### THE TASK
Return all of the data verbatim, dropping any picture.

### GIVEN MATERIAL
------------------------------------------------------------

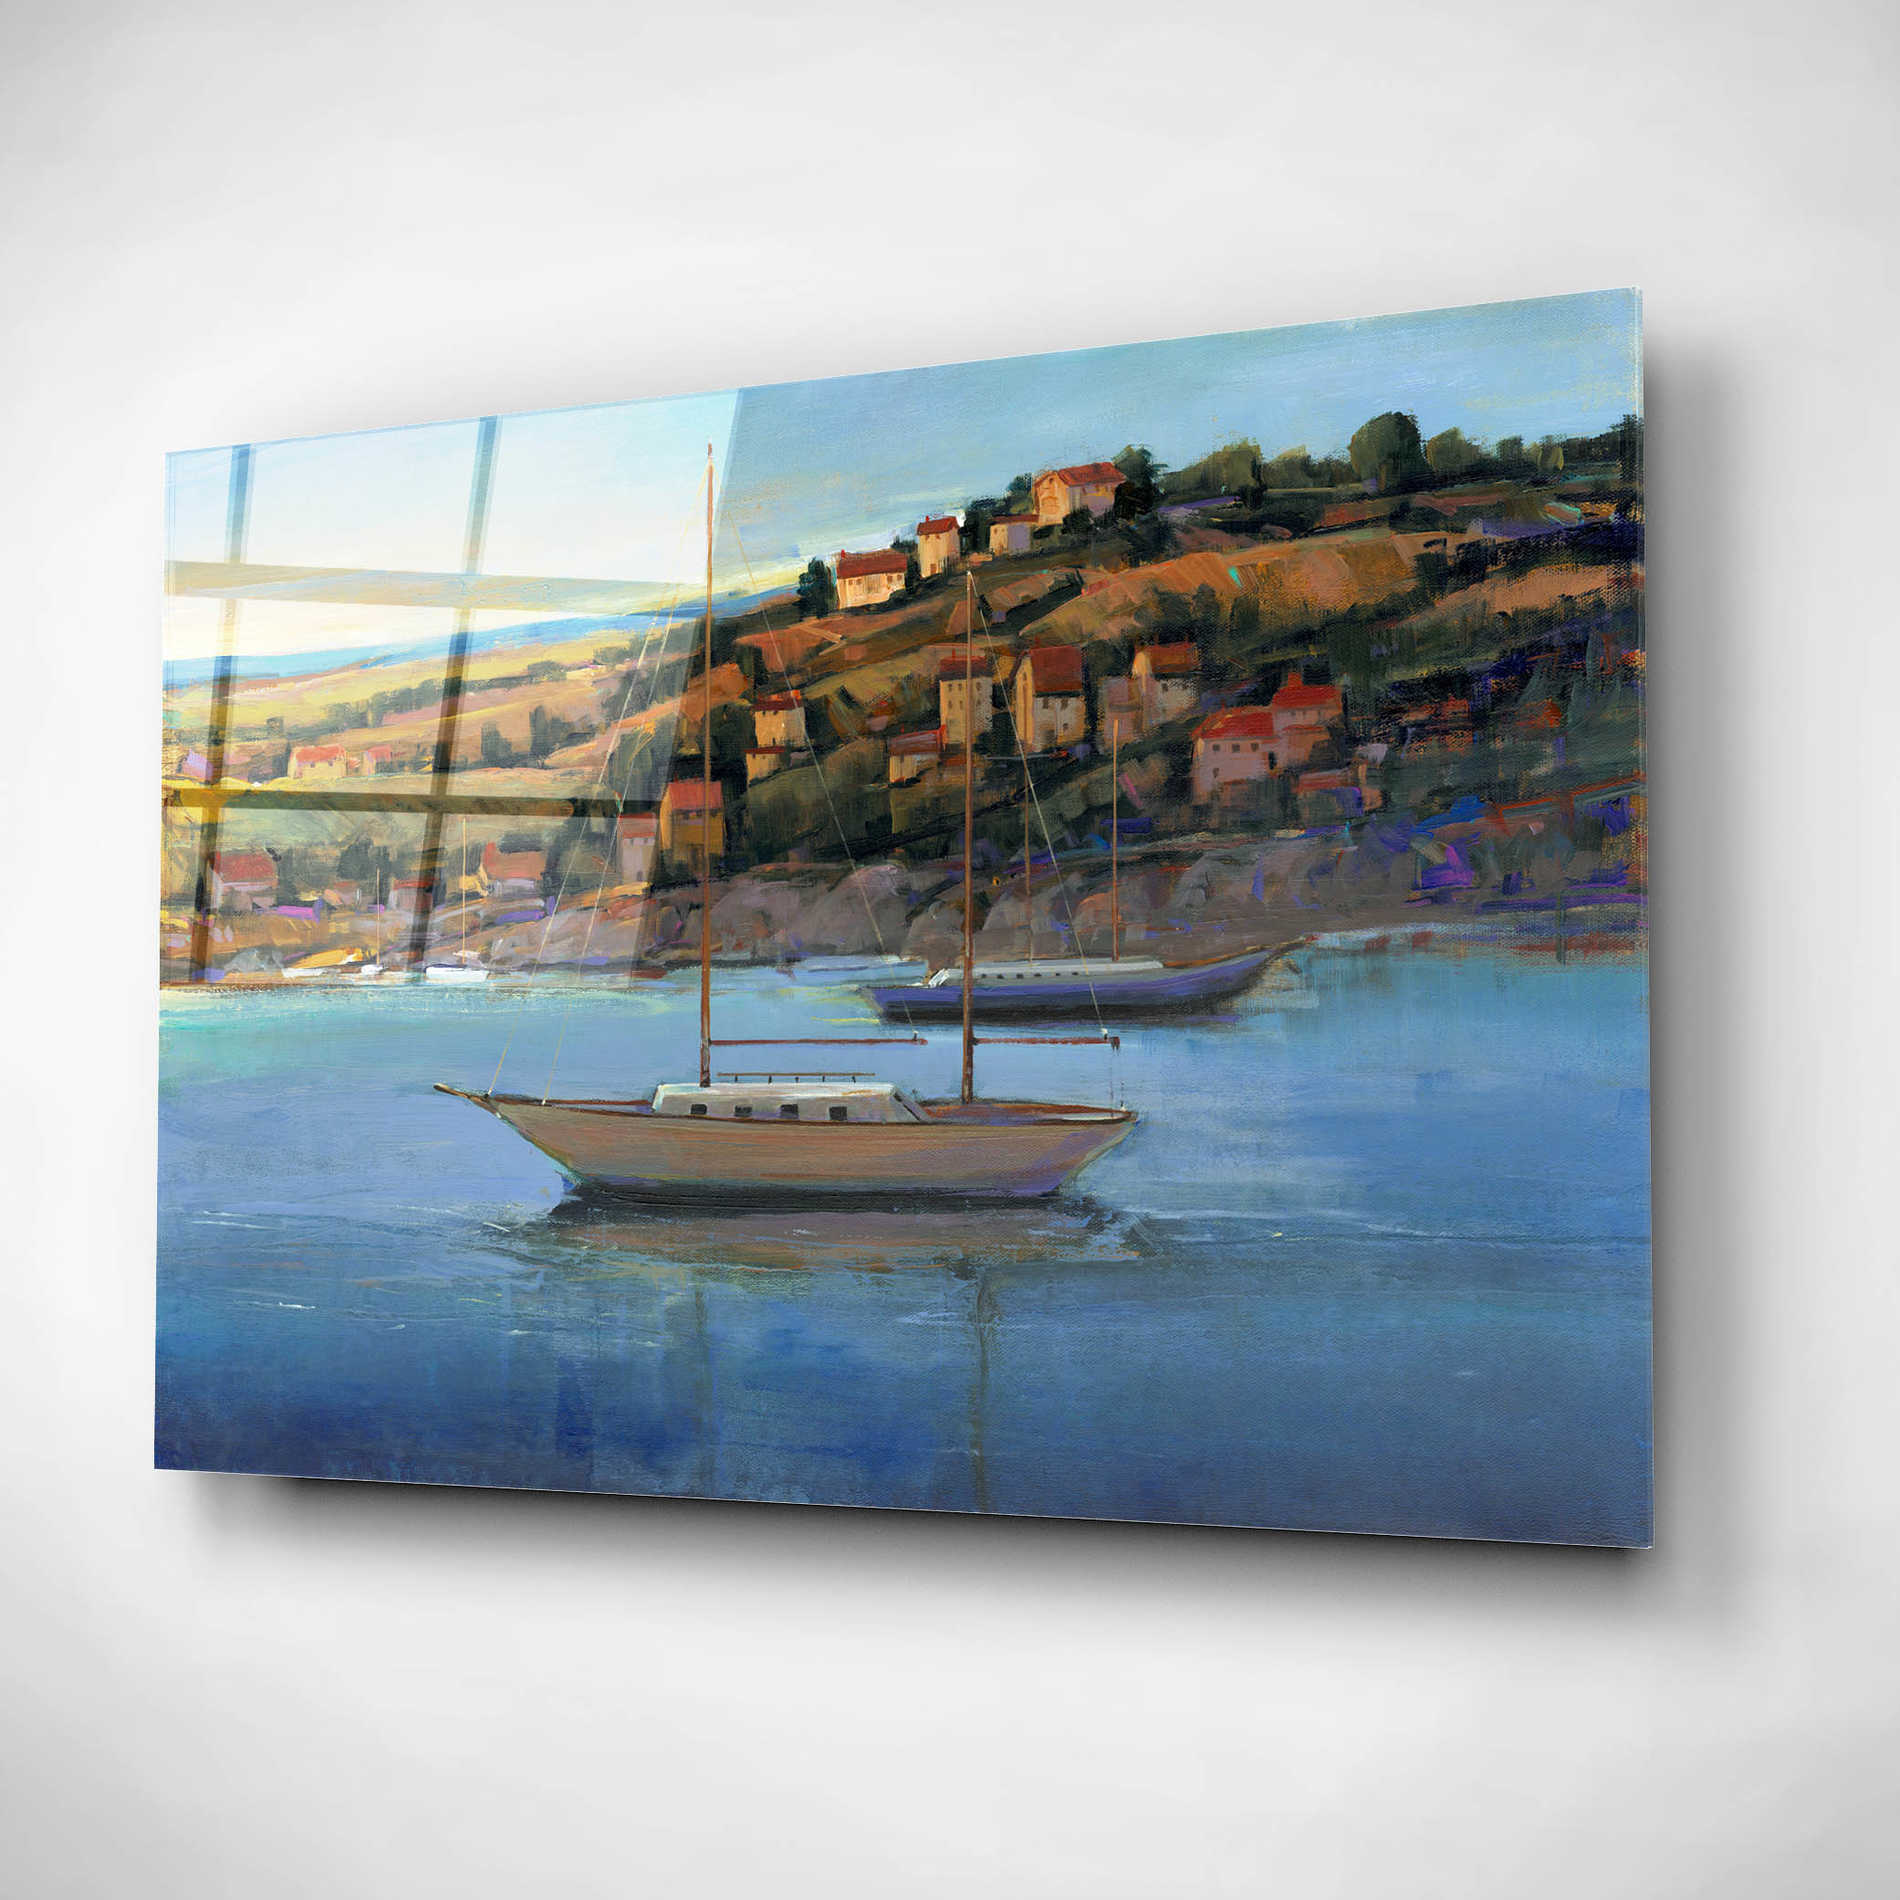 Epic Art 'Harbor View I' by Tim O'Toole, Acrylic Glass Wall Art,16x12
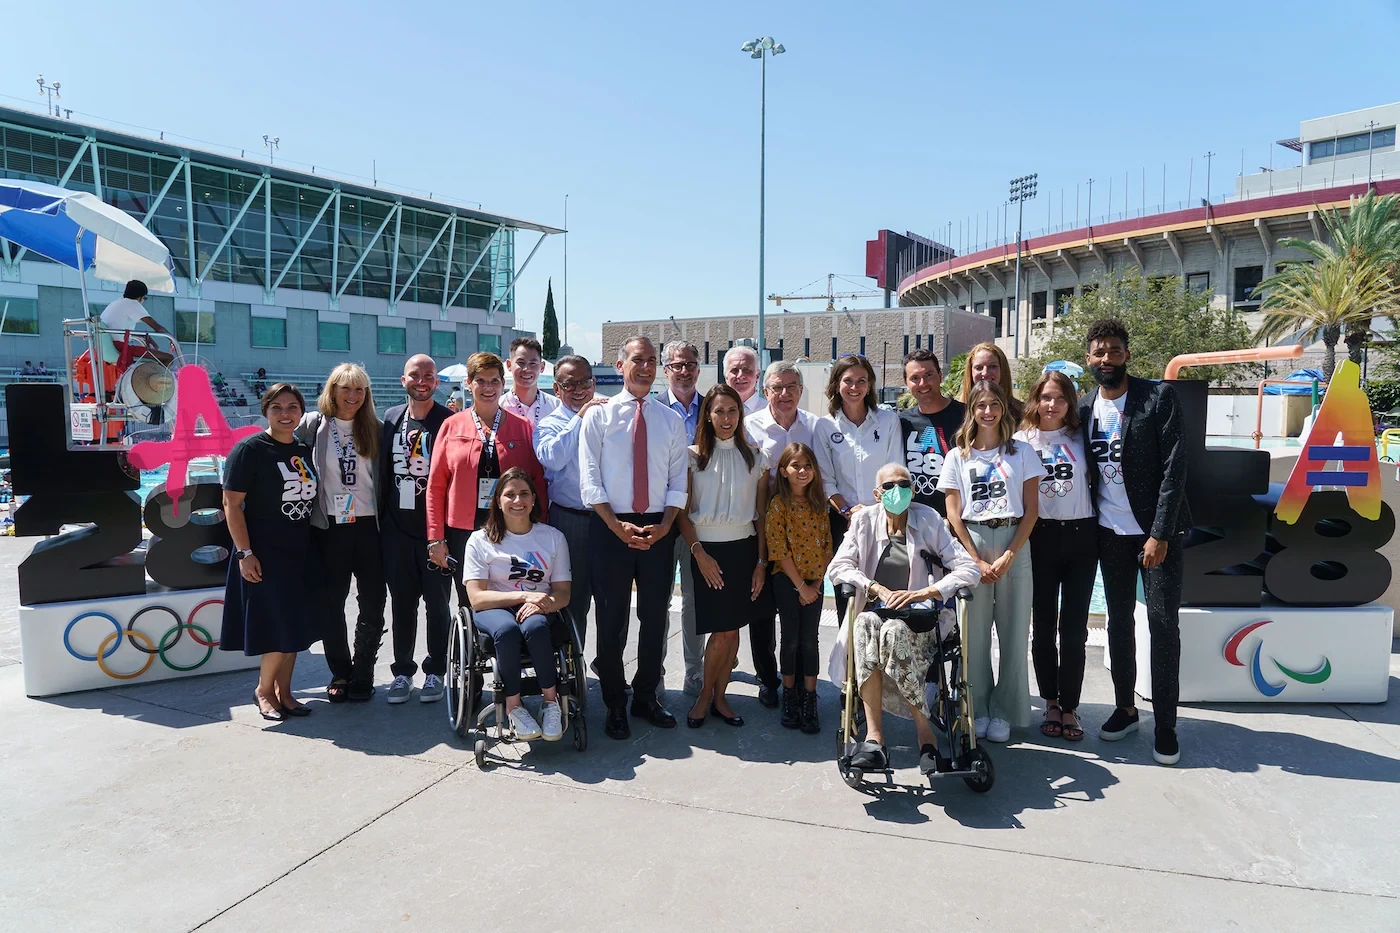 IOC President Thomas Bach joined Los Angeles Mayor Eric Garcetti and several past and present athletes to announce the dates for the 2028 Olympic and Paralympic Games ©IOC
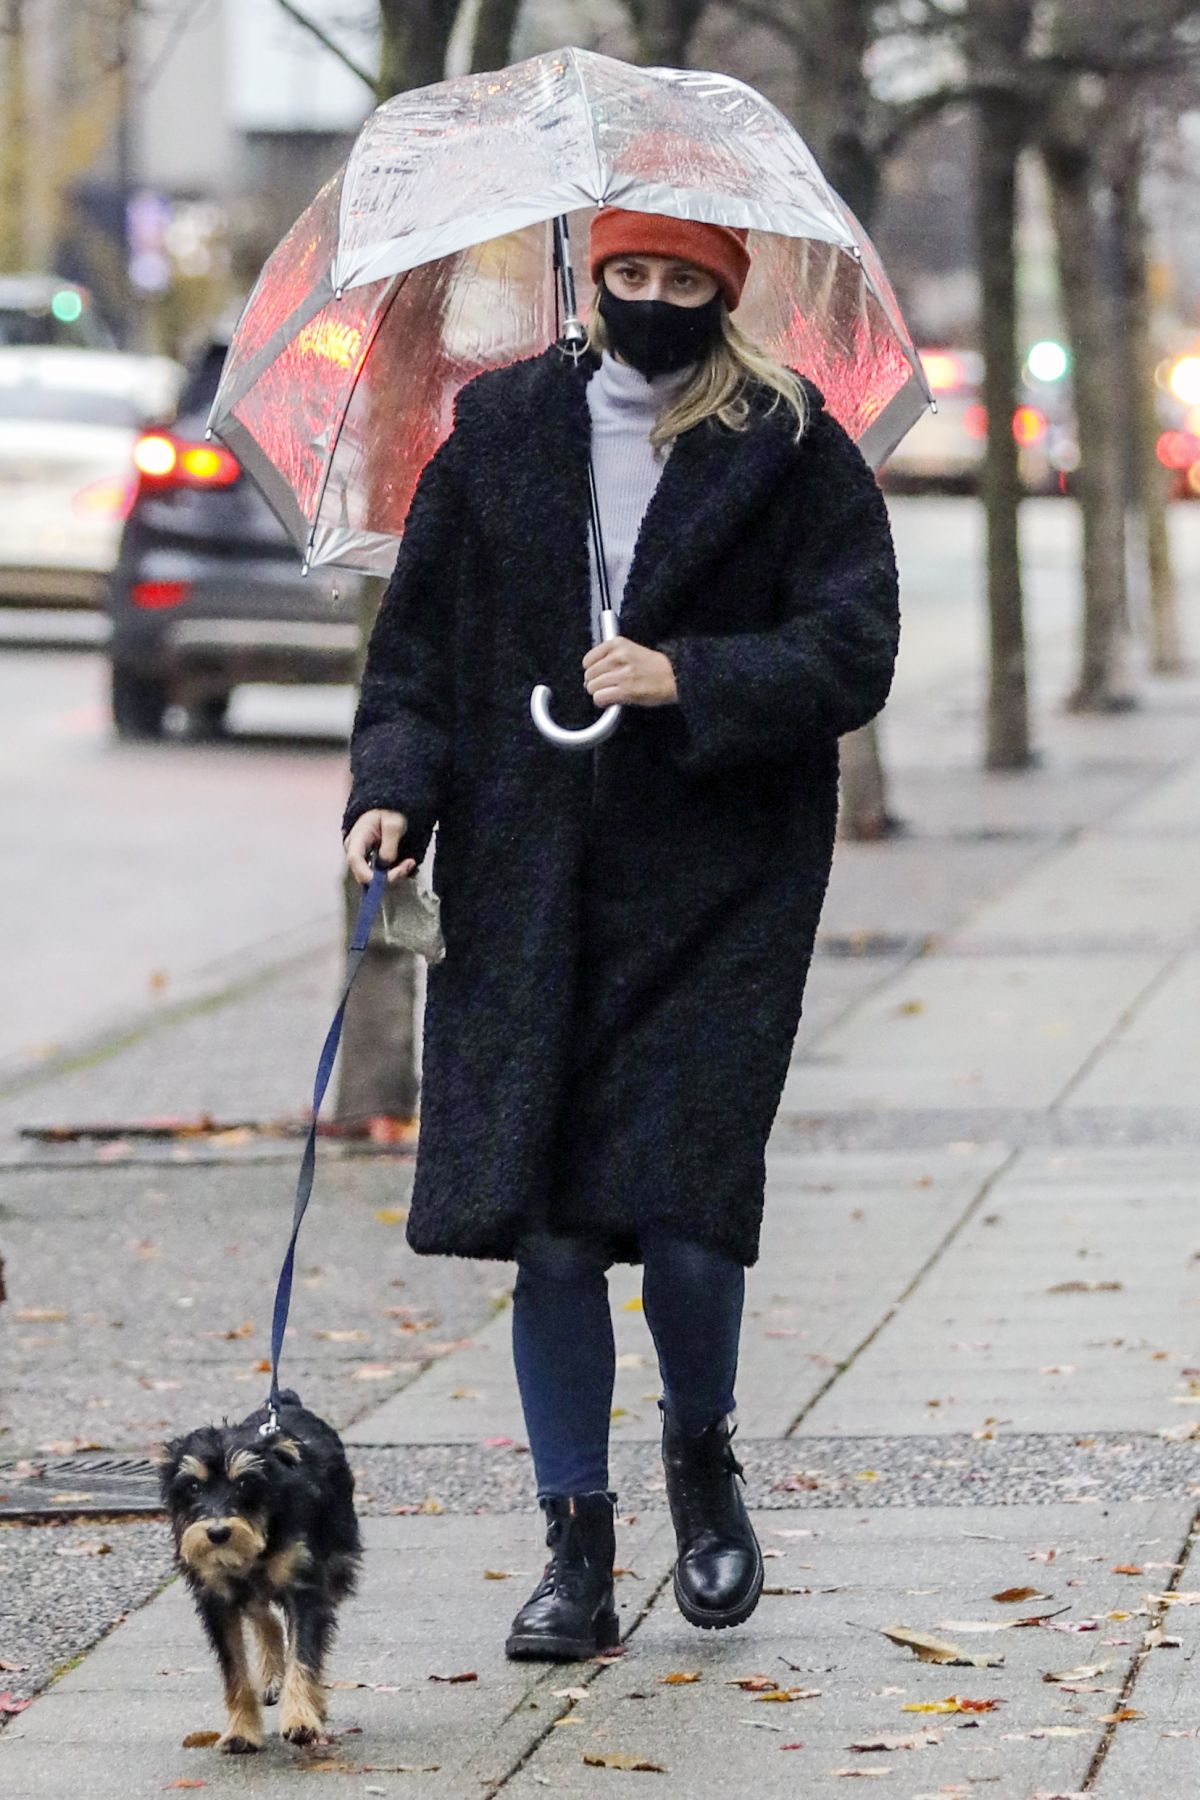 lili-reinhart-out-with-her-dog-in-vancouver-11-14-2020-11.jpg

------------------------------------------------------------

### RESPONSE AREA
 Epic Art 'Harbor View I' by Tim O'Toole, Acrylic Glass Wall Art,16x12
 IOC President Thomas Bach joined Los Angeles Mayor Eric Garcetti and several past and present athletes to announce the dates for the 2028 Olympic and Paralympic Games ©IOC
 lili-reinhart-out-with-her-dog-in-vancouver-11-14-2020-11.jpg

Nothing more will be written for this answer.